Same sex or queer couples are making new traditions when it comes to wedding jewellery. When both partners opt to wear an engagement ring instead of just one, this break from convention leaves couples the opportunity to do things their own way. Vicky and Helen chose not to design each other’s rings, but rather to design their own respective engagement rings at the same time.

‘I would never design an engagement ring for Vicky!’, Helen said with a laugh. ‘At the end of the day this is something she’ll be wearing her whole life. She needs to love it and it has to be exactly what she wants.’

 

I knew that her design would be made with us both in mind, I trust her to do that, so why shouldn’t she design her own ring?

— Helen

‘Sometimes doing the most practical thing turns out to be the most romantic thing, too. I guess we really are just that sensible!’ — Vicky

And given what it’s been like to work in healthcare over the past two years, a sense of groundedness has had to be at the heart of their relationship. ‘We’ve seen a lot of sadness in our jobs. You see how fast your entire life can change’. As they navigated a difficult world of loss and uncertainty at work, Helen and Vicky found the romance in sitting down to practically and rationally plan the next phase of their lives together.

Getting engaged wasn’t a grand romantic gesture, it was how they could ensure the other was being cared for. ‘When I told my grandma’, Helen said, ‘she agreed, and told us that caring for and protecting one another should always be at the heart of getting married’.

They both opted for diamond solitaire engagement rings in the end. For Helen, rich rose gold. For Vicky, a classic platinum setting. ‘When we were in our consultation one design that kept coming back to me was a ring we’d seen in an antique shop. It had a crown shaped basket that I loved and the rest of the design evolved around it’. Once Vicky saw Helen’s crown-inspired setting taking shape, she decided she wanted the same.

Helen’s current role in nursing means she has to take off her ring when she leaves the house each day. ‘But I swear, as soon as I walk in the door I’m immediately reaching from my ring to put it back on my finger. It feels like a part of me, and a part of Vicky too’. 
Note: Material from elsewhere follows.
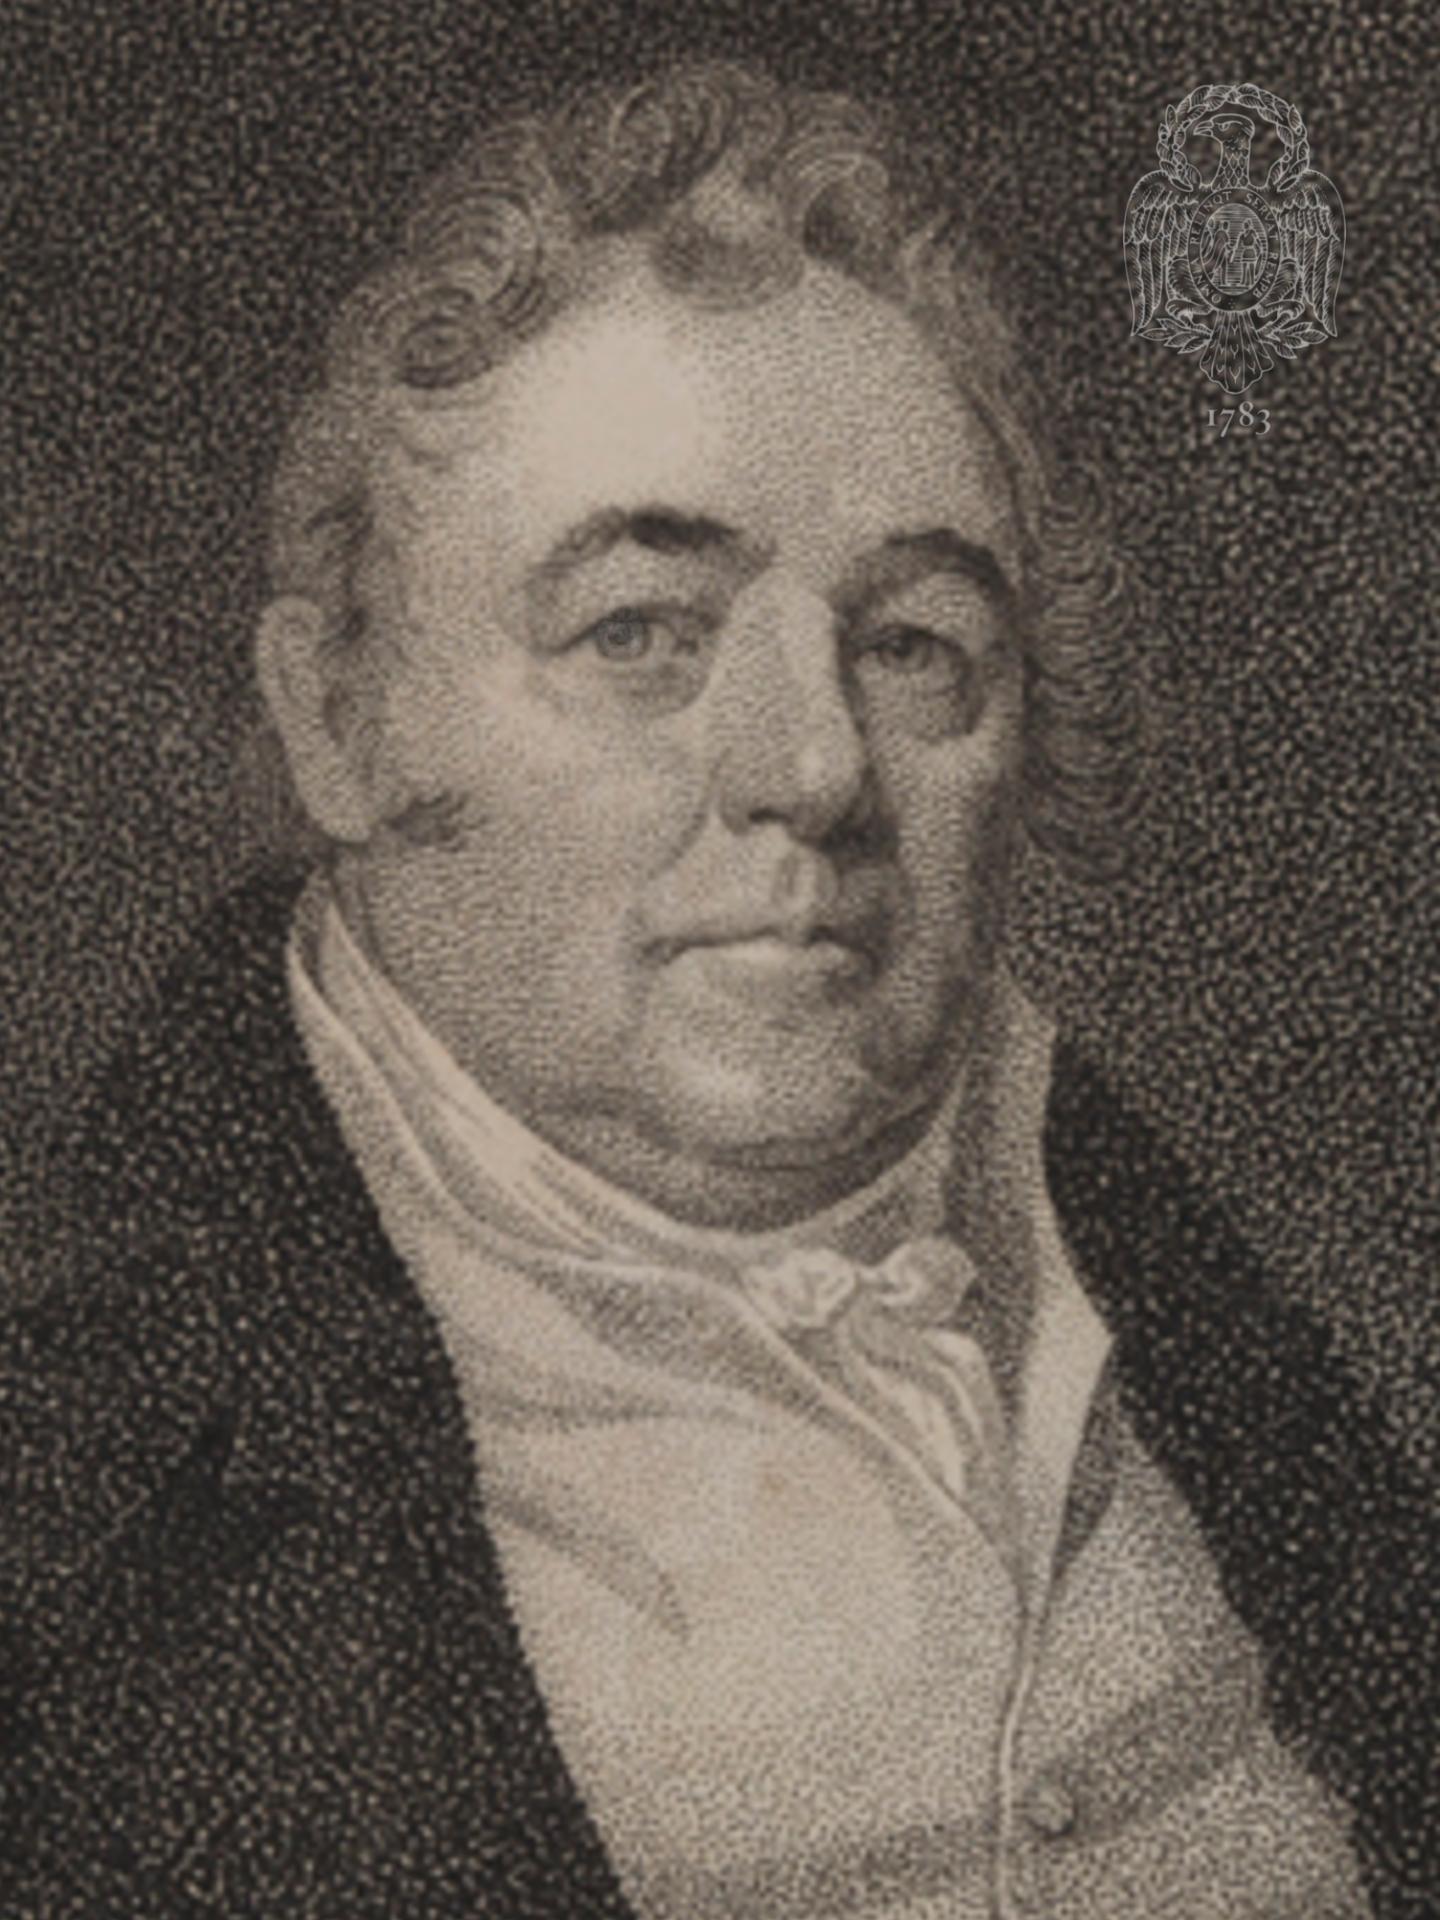 Capt. Richard Dale, Continental Navy

With a wedding planned for next year, Vicky and Helen have already started to think ahead to their wedding ring designs. ‘Because we have different metals for the engagement rings,’ Vicky said, laying her hand on her fiancée’s, ‘we’re probably going to do our wedding ring in the metal of the other person’s engagement ring. So I’ll have a rose gold band and she’ll do platinum. So that we can give a little something to each other’.

Vicky explained that while the designs themselves may not be loaded with symbolism like other people’s rings might be, ‘it was the design experience that was symbolic for us’. Being able to sit side by side and plan the next chapter of their lives together felt authentic to how they do all things in love.

Being together, having fun, working things out—that’s who we are, and that’s what it was like making these rings.